The Excommunication of Europe
The United States had no obligations to the nations which emerged out of the Treaty of Versailles, only a human obligation to their people to keep faith with them. The people of Germany believed in all fervor that they had gained an armistice and sought peace on the basis of the fourteen points; the people of France and England believed that their own governments had accepted the same points. And the same people might have been stirred to insist on a peace of reconciliation—not with princes and ministers, but with peoples—if Wilson and the Americans had continued to communicate with them.

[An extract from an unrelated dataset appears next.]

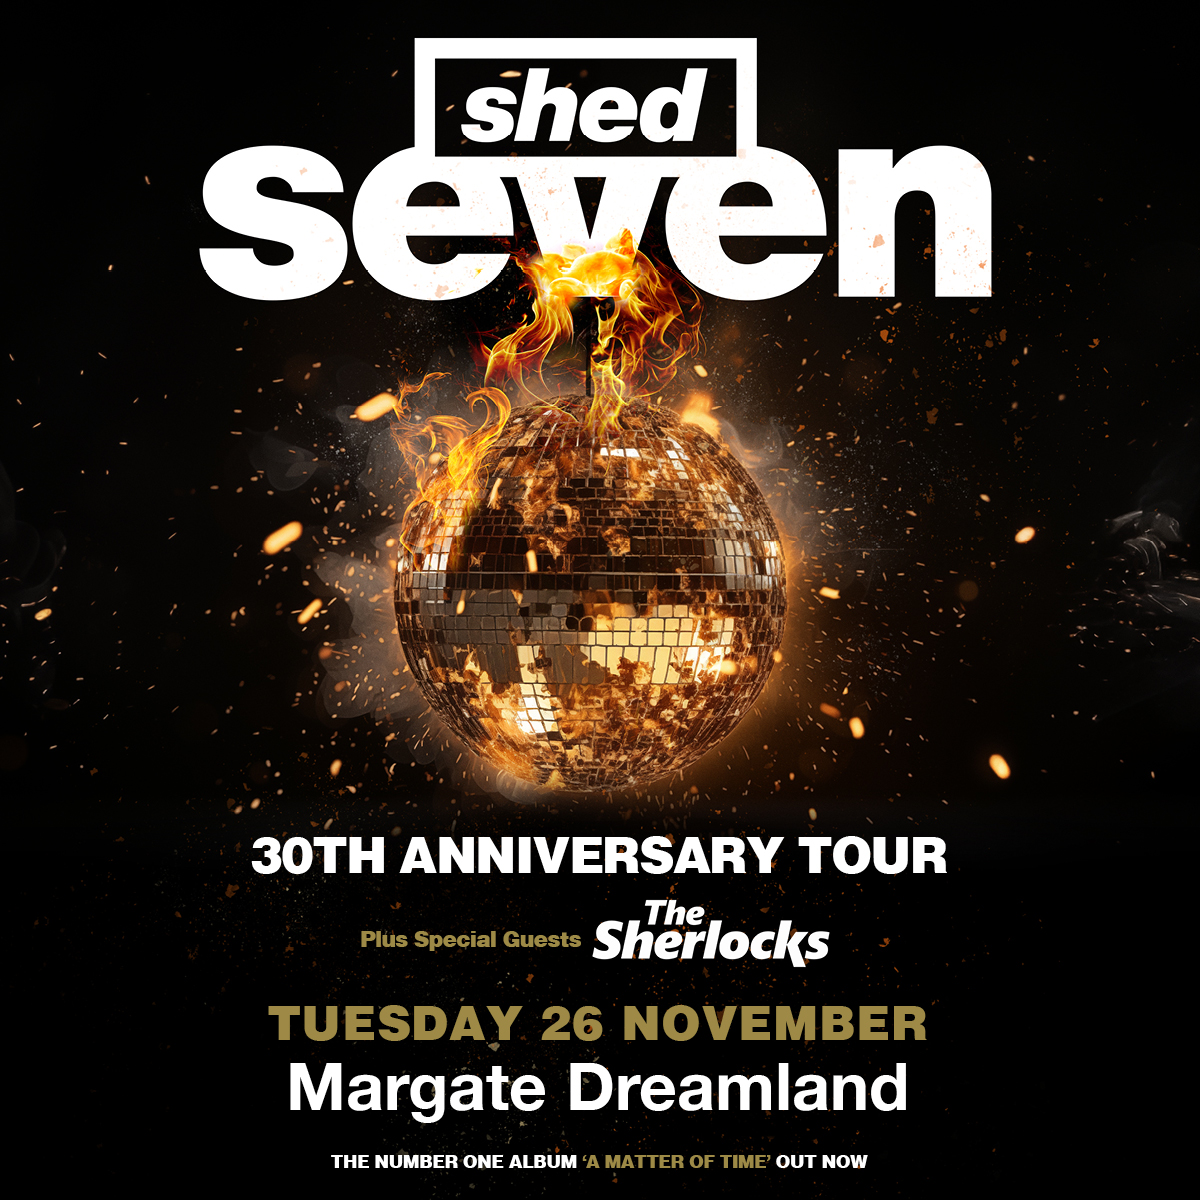 This November, @shedseven will be playing at our Hall By The Sea as part of their 30th anniversary tour! 💫 Plus special guests @TheSherlocks 🎸 Tickets are now on sale here 🎟️ bit.ly/3Vv66vw

We withdrew into a stuffy silence. Just as we played a queer game of protocol and refused to "recognize" the USSR, so we sulked because the old bitch Europe wasn't being a gentleman—the only communication we made to Europe was when we dunned her for money. We have seen how the years of Harding and Coolidge affected our domestic life; [117]they were not only a reaction against the fervor of the war months; they were a carefully calculated reaction against basic American policy at home and abroad; they betrayed American enterprise, delivered industry into the hands of finance, degraded government, laughed at corruption, and under the guise of "a return to normalcy" attempted to revive the dead conservatism of McKinley and Penrose in American politics.
In this period, it is no wonder that we failed to utter one kind word to help the first democratic government in Germany, that we trembled with fear of the Reds, sneered at British labor until it became respectable enough to send us a Prime Minister, and excluded more and more rigorously the people of Europe whose blood had created our own.
Slowly, as the depression of 1929-32 squeezed us, we began to see that our miseries connected us with Europe; it was a Republican president who first attempted to address Europe; but Mr. Hoover's temperament makes it difficult for him to speak freely to anyone; the talks with Ramsay MacDonald were pleasurable; the offer of a moratorium was the first kindness to Europe in a generation of studied American indifference. It failed (because France still preferred to avenge herself on Germany); and thereafter we had too many unpleasant things to do at home.
One Good Deed
We had, in the interval, spoken once to all the world. On the day the Japanese moved into Manchuria we had, in effect, notified the British that we chose not to accept the destruction or dismemberment of a friendly nation. The cynical indifference of Sir John Simon was the first intimation of the way Europe felt about American "idealism". It was also the first step toward "non-intervention" in Spain and the destruction of Europe at the hands of Adolf Hitler. When we were rebuffed by Downing Street, we sulked; we did not attempt to speak to the people of Asia, or try to win the British [118]public to our side. We had lost the habit. We were not even candid in our talks with the Chinese whose cause we favored because we had Japan (and American dealers in oil and scrap iron) to appease.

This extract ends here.